Vincono i paesi del Nord Europa. “Come mai – si chiede Parisi – ci sono dei
trattati che contano e degli altri che non contano? Se l’Italia ha firmato
impegnandosi verso l’Europa e anche verso gli italiani a raggiungere un
obiettivo, come mai l’Europa non esige il rispetto di questo obiettivo e si limita
ad esigere solo il rispetto del fiscal compact? Con la nostra petizione ci siamo
appellati all’Unione europea, ma il governo italiano dovrebbe capire da solo qual
è il suo dovere. L’idea di Lisbona era rendere l'Europa una grande regione
basata sullo sviluppo della conoscenza: il 3 per cento del pil in ricerca doveva
servire per facilitare l’integrazione economica".
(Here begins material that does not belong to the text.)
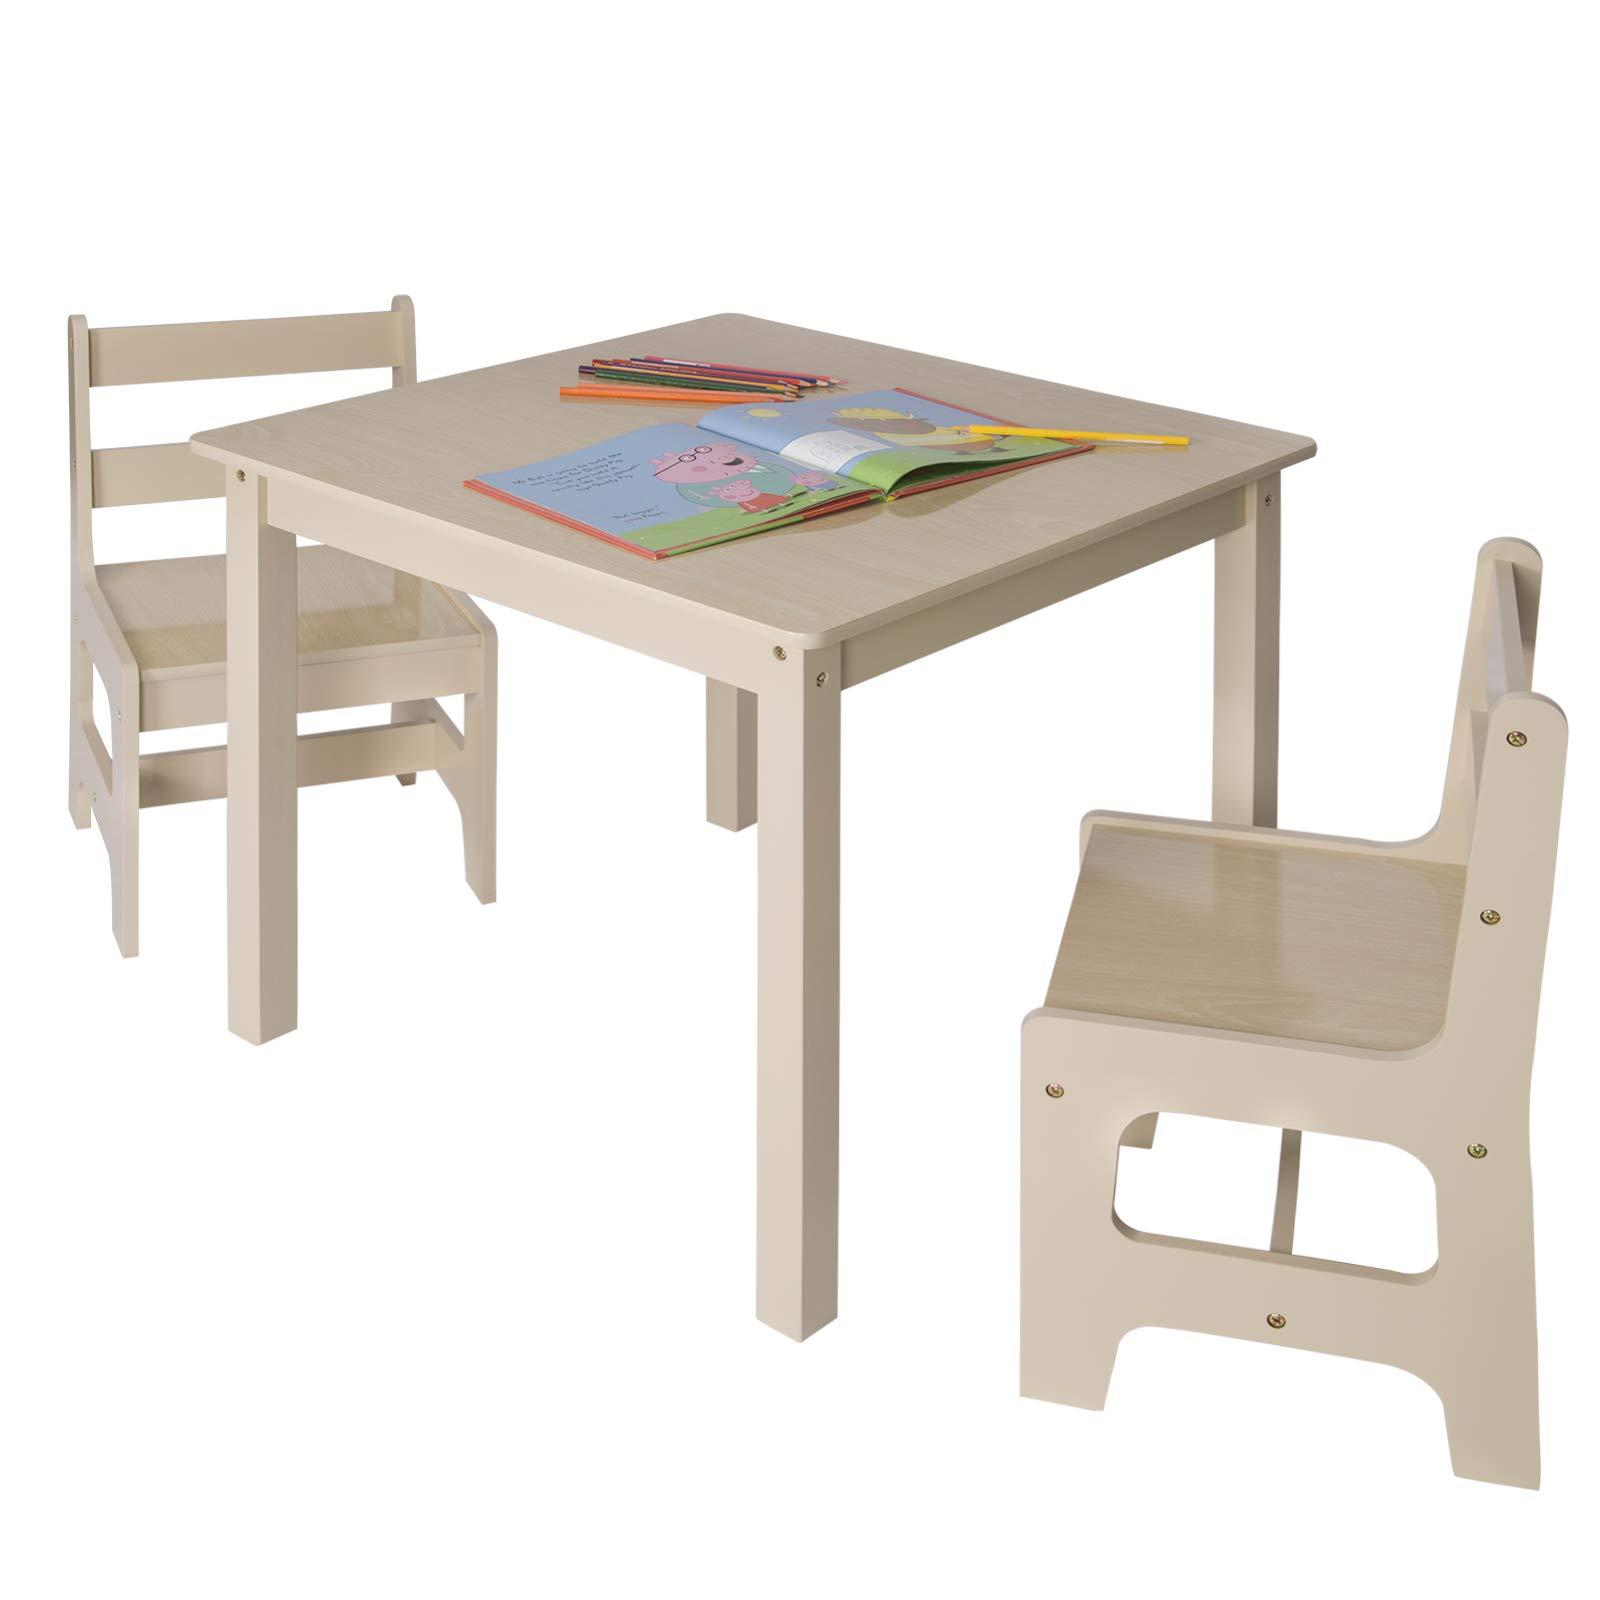 Set Tavolo E Sgabelli.Woltu Sg001 Tavolo E Sedie Per Bambini Soggiorno Tavolino Con 2 Sgabelli Set Mobili In Legno

Ora invece il rischio, conclude amaro Sylos Labini, è il progressivo “svuotamento
delle risorse intellettuali del Sud dell’Europa (Italia, Grecia, Portogallo, Spagna) a
vantaggio del Nord: noi non diciamo niente e agli altri ovviamente questo va
bene. Invece di fare delle misure demagogiche come il bonus di 500 euro ai
neodiciottenni, è a questo che si dovrebbe pensare”.